Jana North America took over from Creative Enterprises, which had the importation rights to Jana and also marketed Jana Skinny Water – a Super Citrimax-enhanced appetite suppressant product – made with Jana water. Creative, run by Michael Salaman, has left New York City for Pennsylvania, where it will concentrate on finding a domestic source for its product.

“The focus of our company is Skinny Water,” Salaman said. “There really were two products, and we were just too de-focused to do them both.”

SCANDAL IN LATROBE

LeNature’s Closure Tells Sordid Tale

It didn’t quite have the sturm und drang of Gomorrah, but there were, nevertheless, plenty of biblical references contained within the sudden implosion of Pittsburgh-area water company LeNature’s, Inc.

In late November, the company laid off 238 workers and stopped producing its water, tea, and juice lines, apparently in anticipation of a final liquidation.
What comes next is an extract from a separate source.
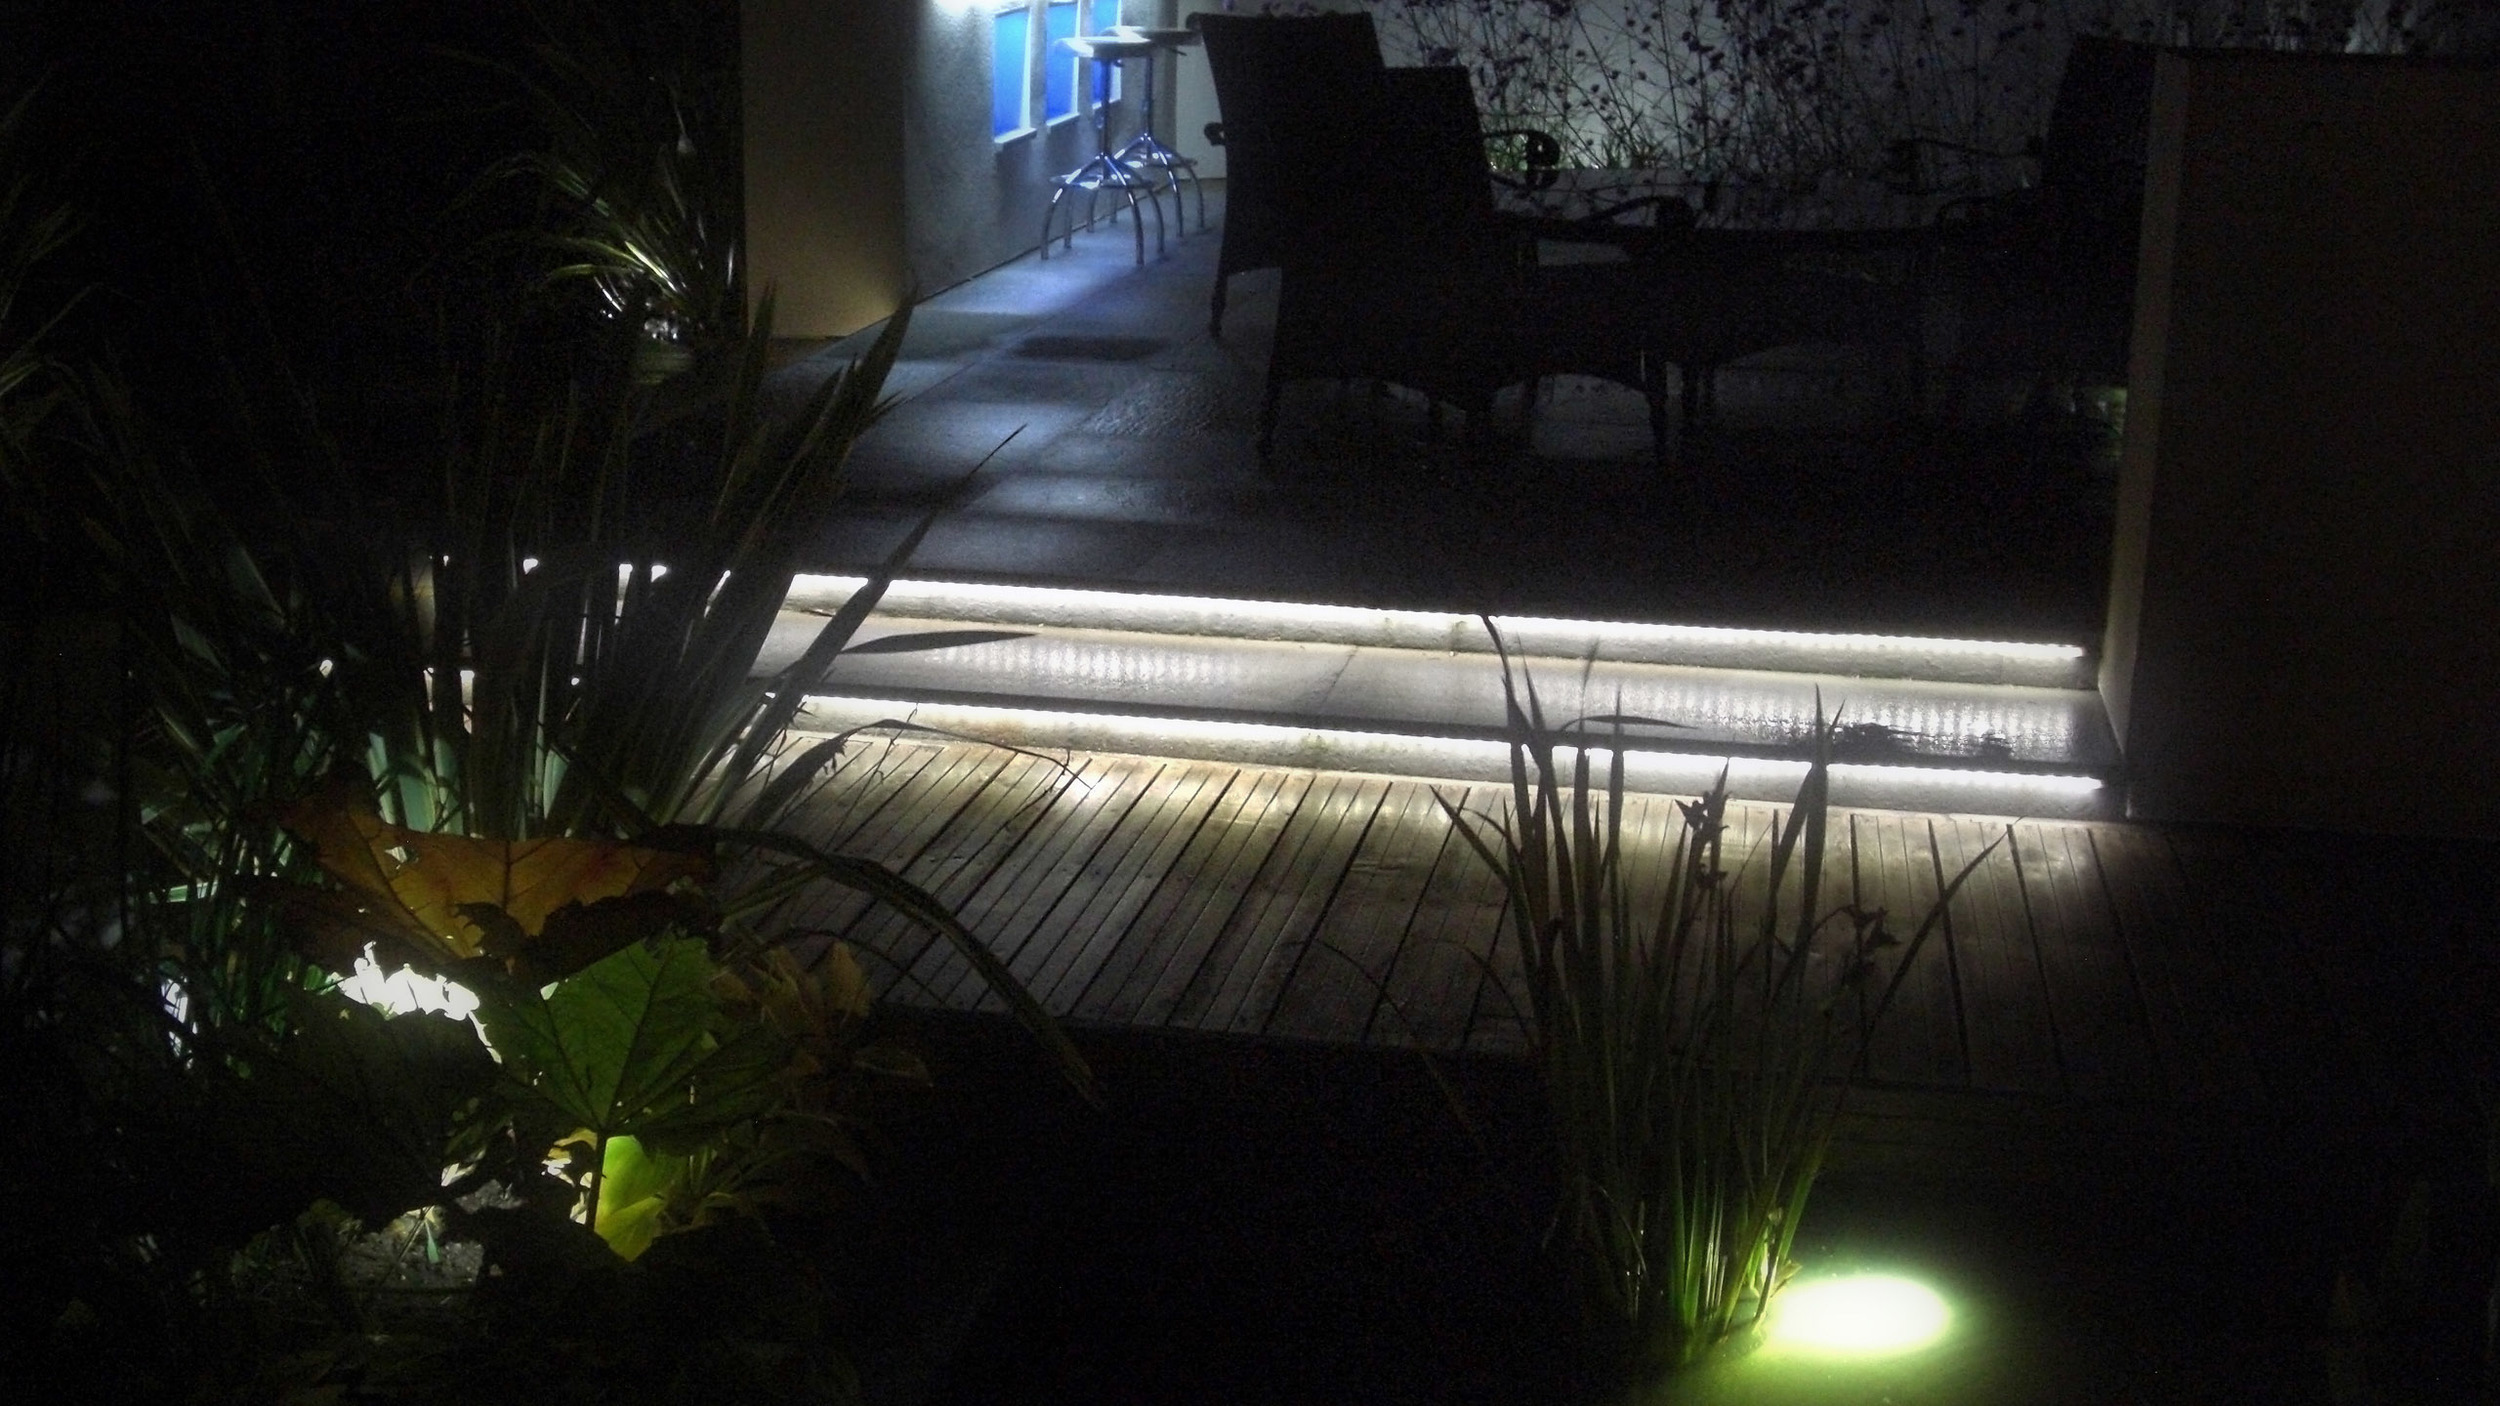 Contemporary garden by night with bar and dining area

A guardian from Kroll Zolfo Cooper LLC, a crisis management and turnaround firm appointed to manage LeNature’s, was not holding out hope for its survival.
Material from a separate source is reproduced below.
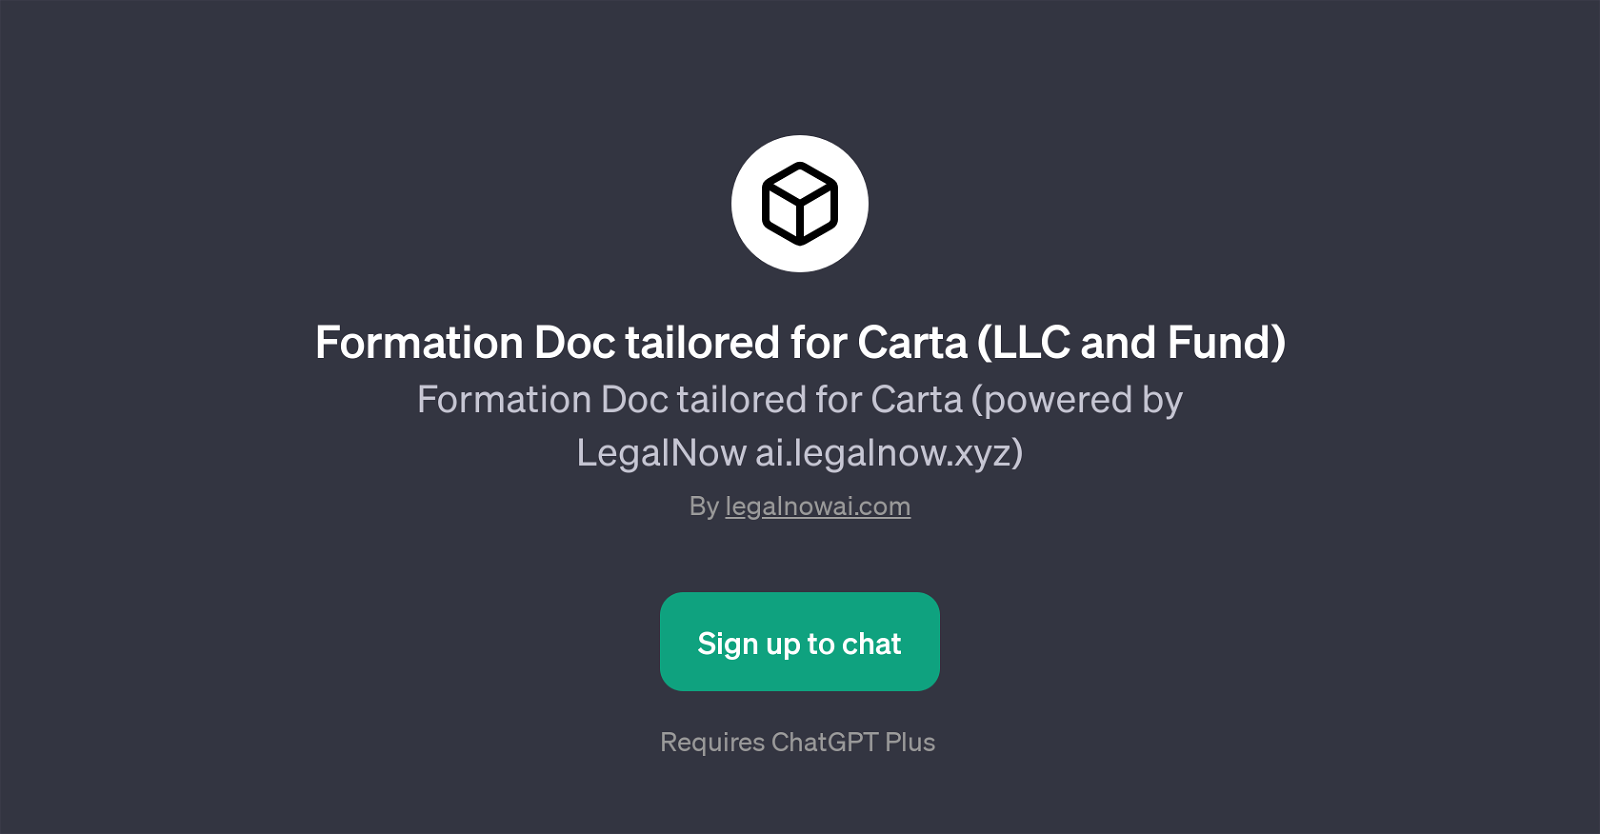 Formation Doc tailored for Carta (LLC and Fund) website

The fast demise of the company, which had recently leased a massive secondary bottling facility in downtown Phoenix, began with revelations made during investor lawsuits over owner Greg Podlucky’s unwillingness to sell the business to larger companies.

It turned out that at least part of that reluctance was due to fears that purchase offers would invite scrutiny of the company’s financial records. Those records were shaky, indeed.

LeNature’s self-reported fast growth had made it a juicy takeover target; unfortunately, that growth was also just plain made up, according to investigators. What had been reported sales of $275 million in 2005 turned out to be closer to $20 million, while the company had accrued $728 million in debt, according to filings from Kroll Zolfo.

During late October, the company’s Latrobe, PA facility was shuttered to its executives as part of the dispute. Podlucky and his officers, including several other family members, were locked out. But with the clock ticking on the arrival of the Kroll Zolfo custodian appointed to handle the business in their absence, Podlucky started destroying court-protected evidentiary financial records, according to affidavits filed in the case.

Employees reported seeing the shredding of dump trucks’ worth of documents, and Podlucky and his bodyguard running back and forth to the shredder with even more documents.

But the really damning finds came when federal investigators opened up a secret room in the Latrobe plant, turning up safes filled with gemstones and watches, according to bankruptcy records. The postal service has now added an investigative team on-site at LeNature’s, searching for evidence of mail and wire fraud. As authorities and investors trace the money, they can’t help but wonder how much of it ended up in Podlucky’s massive, still-under-construction home in exclusive Ligonier Township, one that was designed to include a hockey rink, swimming pool and 5-car garage. Podlucky, a devout Christian, had also filed plans to build a $20 million church near the plant.

As of Dec. 1, Podlucky had not responded to media calls for comment, and the state of Pennsylvania was preparing to help retrain laid off workers.